Почаевец, улыбаясь, говорит:
– При чем здесь “километры”? Вот он, наш институт! – И карандаш уткнулся в заштрихованный квадрат.
– С какого года ты в партии?
– С тысяча девятьсот сорок третьего!
– А за что тебя вышвырнули из партии? Исключили – за что?
– Никто меня не исключал! – запальчиво отрезал Почаевец.
– Напарник твой, Березняк, коммунист или комсомолец?
– Это вас не касается. Вы что, судья или прокурор? Кто вам дал право меня допрашивать?
– Гляди, хлопцы, еще огрызается! – сказал Хмара, вновь пристально разглядывая Почаевца. – Ишь, горячий какой!.. Ну ничего, мы смелых любим.
С этими словами Хмара поднялся и подошел к шкафчику. Он распахнул его дверцы, достал оттуда краюху хлеба, пласт ржавого сала, посыпанного солью, сулею самогона, два стакана. Разместив все это на столе, предложил сесть с другой стороны геологу.

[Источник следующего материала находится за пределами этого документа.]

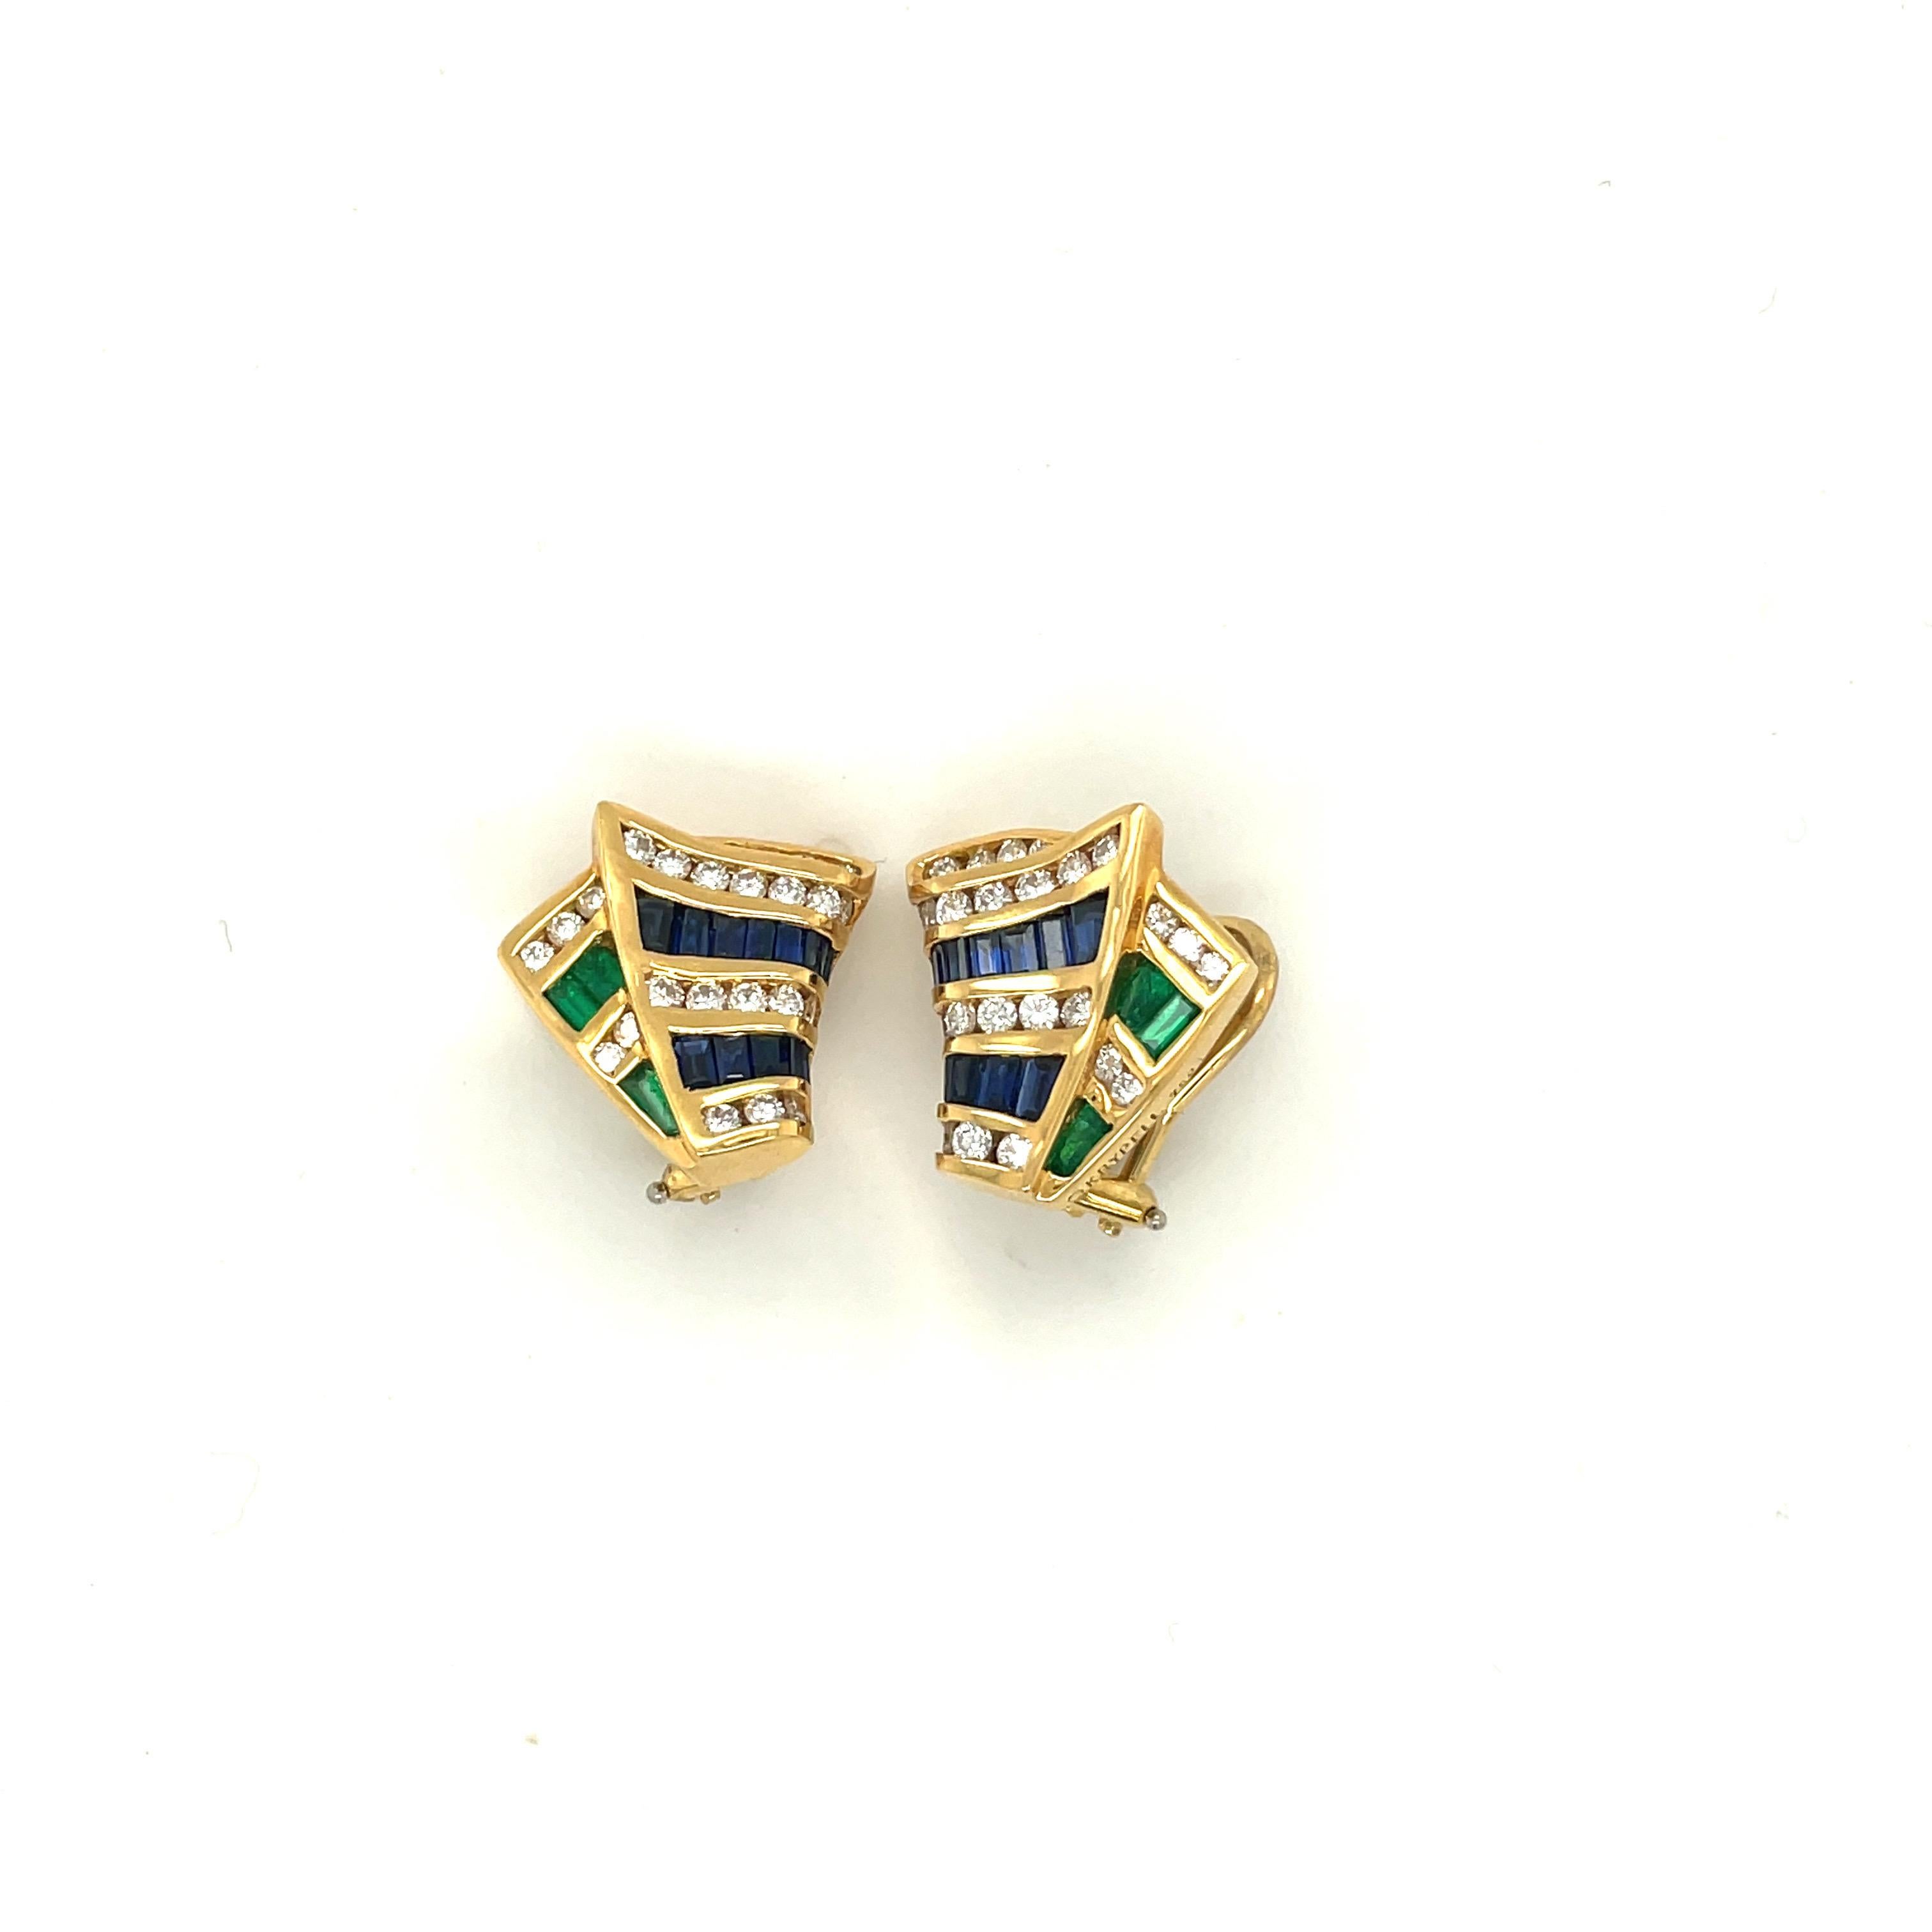 Charles Krypell Jewelry est une marque de joaillerie fine basée à New York qui est devenue internationalement connue pour son utilisation exquise de la couleur, ses conceptions originales et son savoir-faire exceptionnel. 
Montées en or jaune 18

– Только, вижу я, вас, таких идейных, большевики что-то слабенько кормят. Все ваши манатки обыскали – куска хлеба нет. А вы, небось, голодны, да и знаю я, что мастак ты по этой части. – Хмара кивнул на сулею. Уверенным хозяйским жестом он налил в оба стакана самогон. Бандиты ревниво следили за его движениями.
– Ну, будьмо! – милостиво пододвигая геологу стакан самогона, говорит Хмара. – Выпьем за то, чтобы дети дома не журились, чтобы дождались они нашего господства на этой земле.
И вдруг Почаевец не выдержал. Его прорвало. Белея, он резко отодвинул стакан.
– На этом столе следы человеческой крови. Я с бандитами водки не пью!
– Ах ты, паскуда! – преобразился Хмара и наотмашь, через стол, изо всей силы ударил Почаевца увесистым кулаком по лицу.
Геолог упал навзничь, зацепив сулею, и она со звоном разлетелась на острых образцах породы.
– В запасной бункер его! – командует Хмара. – Воды не давать! И чтоб с тем не разговаривали, а то головы вам поотрываю…
Жених исчез
Глухой ночью зазвенело оконное стекло в маленьком прикарпатском городке Яремче. Маленький, но красивый городок со всех сторон был окружен покрытыми лесом горами. Шумел водопад на быстром Пруте, тревожно перекликались собаки.
Рука стучит в перекрестье оконной рамы. Звенят стекла от этих настойчивых ударов…
У окна девушка с чемоданчиком. Боязливо озирается. Ей холодно и страшно здесь одной, на окраине городка, в такую позднюю пору.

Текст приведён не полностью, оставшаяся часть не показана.